But we really only need to consider kernels that are earlier than Linux 4.4,
because Linux 4.4 and later kernels will always be able to determine the page
size by reading the kernel flags (if there is no vmcoreinfo). So the code below
that you are patching will only be executed if:
(1) there is no vmcoreinfo, and
(2) no kernel flags (in kernels earlier than Linux 4.4):
That being the case, I don't see how it would ever be possible for the
"else" section below to ever be executed:
+ if (THIS_KERNEL_VERSION < LINUX(4,16,0)) {
+ value = symbol_value("swapper_pg_dir") -
+ symbol_value("idmap_pg_dir");
+ } else {
+ if (kernel_symbol_exists("tramp_pg_dir"))
+ value = symbol_value("tramp_pg_dir");
+ else if (kernel_symbol_exists("reserved_ttbr0"))

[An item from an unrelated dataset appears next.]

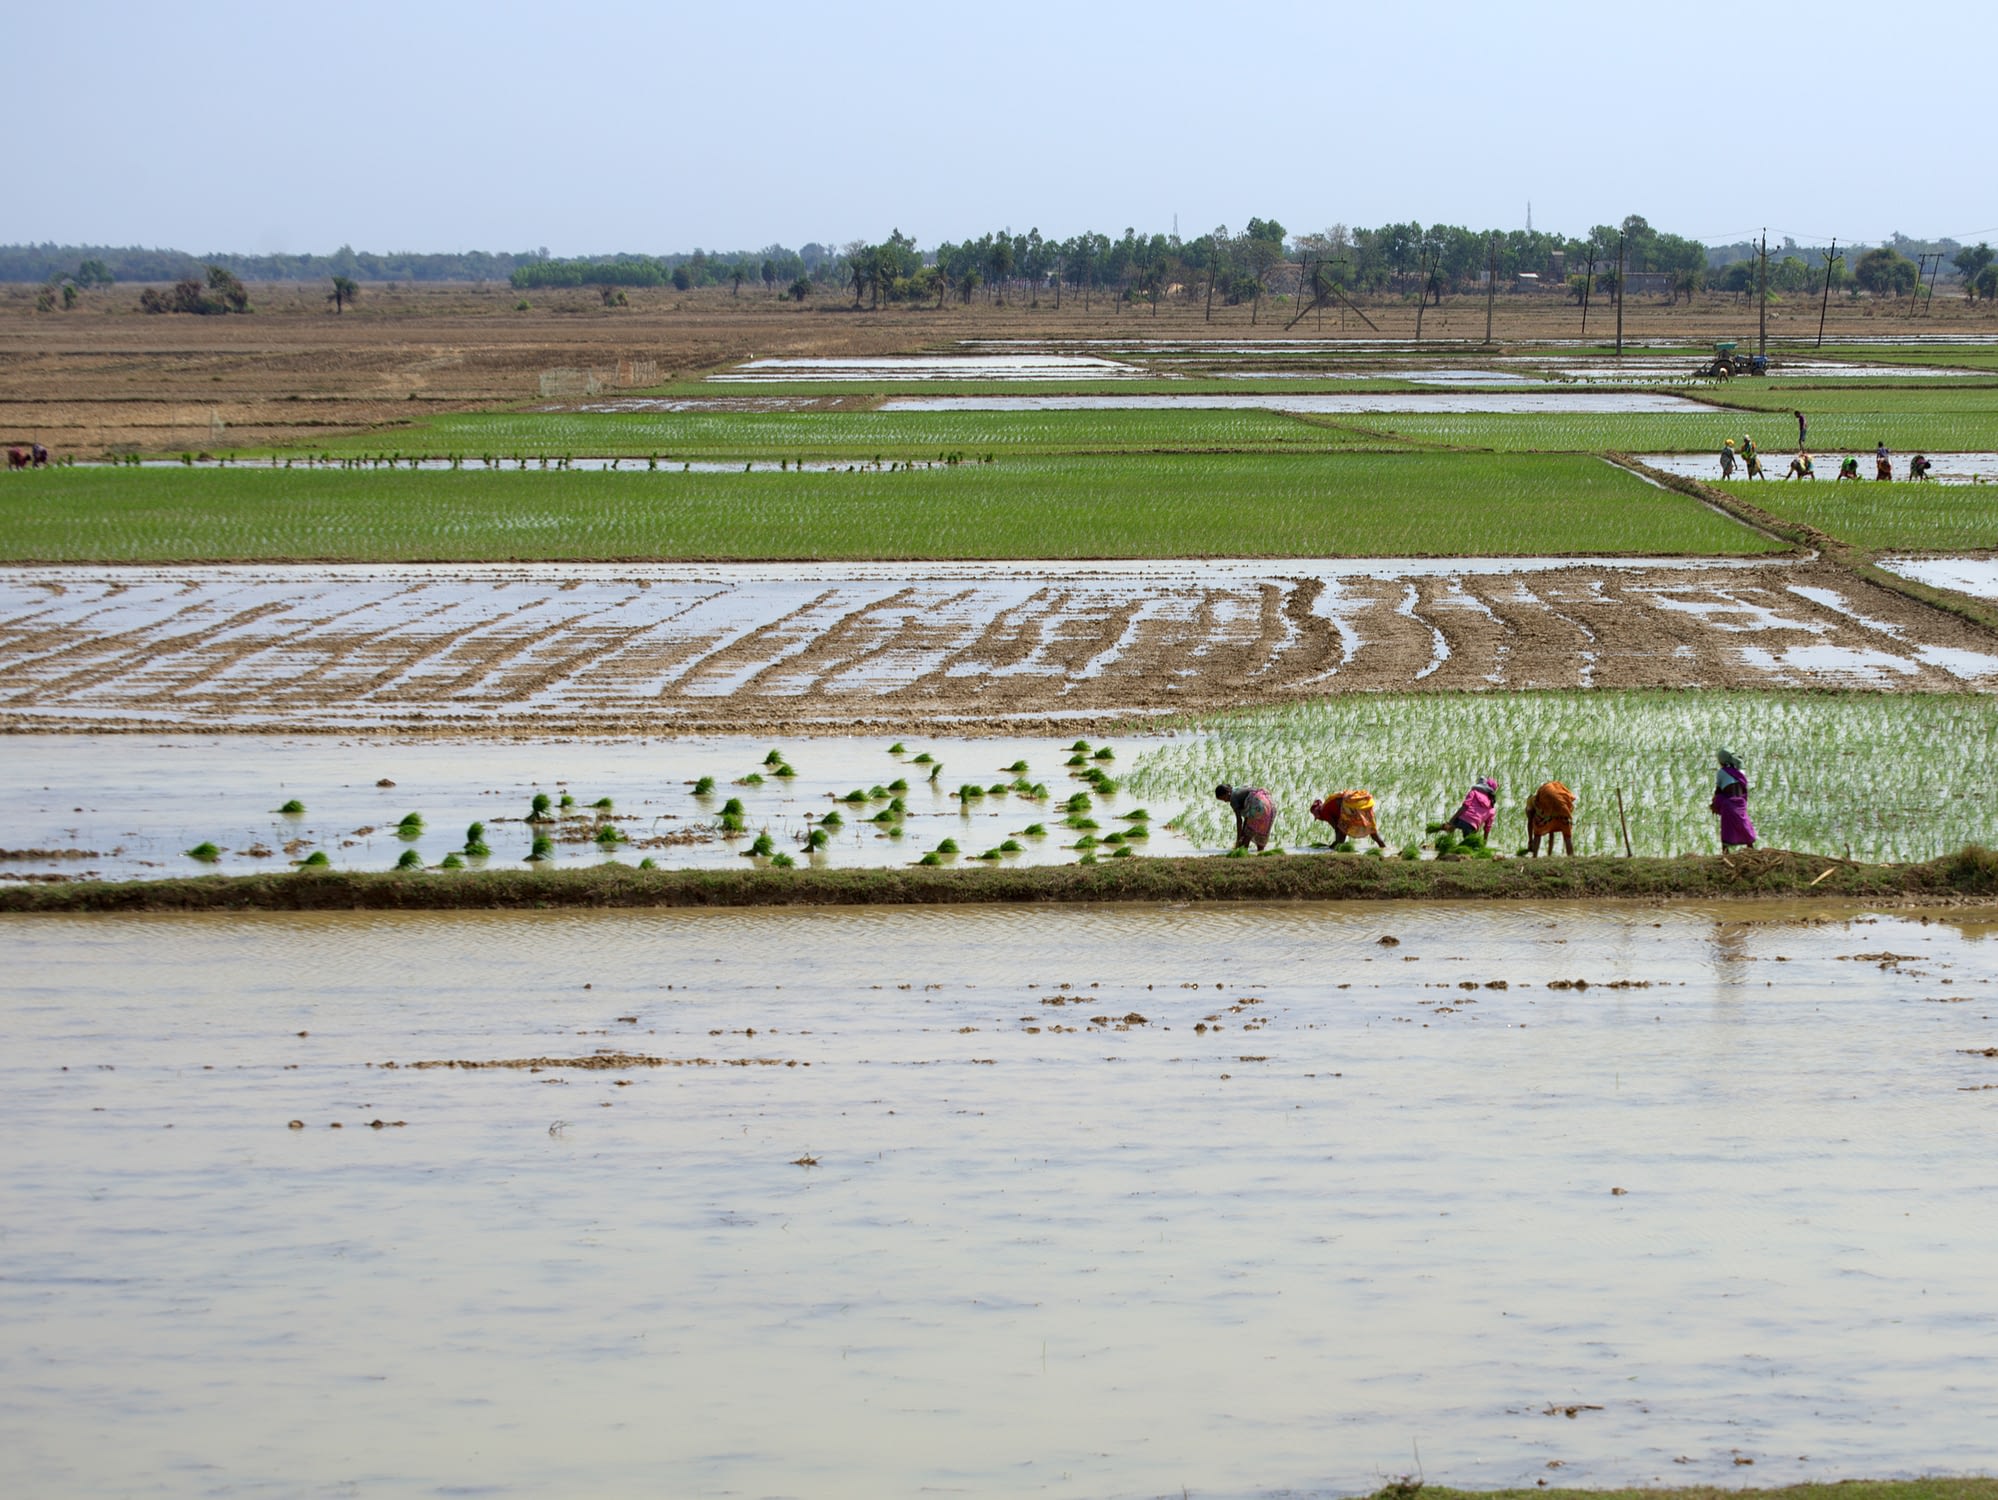 Farmers work on rice paddies. (Photo: Dakshinamurthy Vedachalam/CIMMYT)

+ value = symbol_value("reserved_ttbr0");
+ else
+ value = symbol_value("swapper_pg_dir");
+
+ value -= symbol_value("idmap_pg_dir");
+ }
I was going to suggest checking for (THIS_KERNEL_VERSION < LINUX(4,4,0)),
but I don't think that's even necessary given that the code sequence above
will *only* be executed if the kernel is Linux 4.4 or earlier. So the
"else" section has become dead code.
Dave
> Best regards,
> Qiwu
>
>
> -----Original Message-----
> From: Dave Anderson <anderson(a)redhat.com>
> Sent: Tuesday, November 12, 2019 11:34 PM
> To: 陈启武 <chenqiwu(a)xiaomi.com>
> Cc: Discussion list for crash utility usage, maintenance and development
> <crash-utility(a)redhat.com>
> Subject: [External Mail]Re: Fix for the determination of the ARM64 page size
>
>
> ----- Original Message -----
> > Hi Dave,
> > There is a bug for the determination of the ARM64 page size happen on
> > kernel 3.18 crash kdump.
>
> If it is a kdump, there should be a PAGESIZE vmcoreinfo entry.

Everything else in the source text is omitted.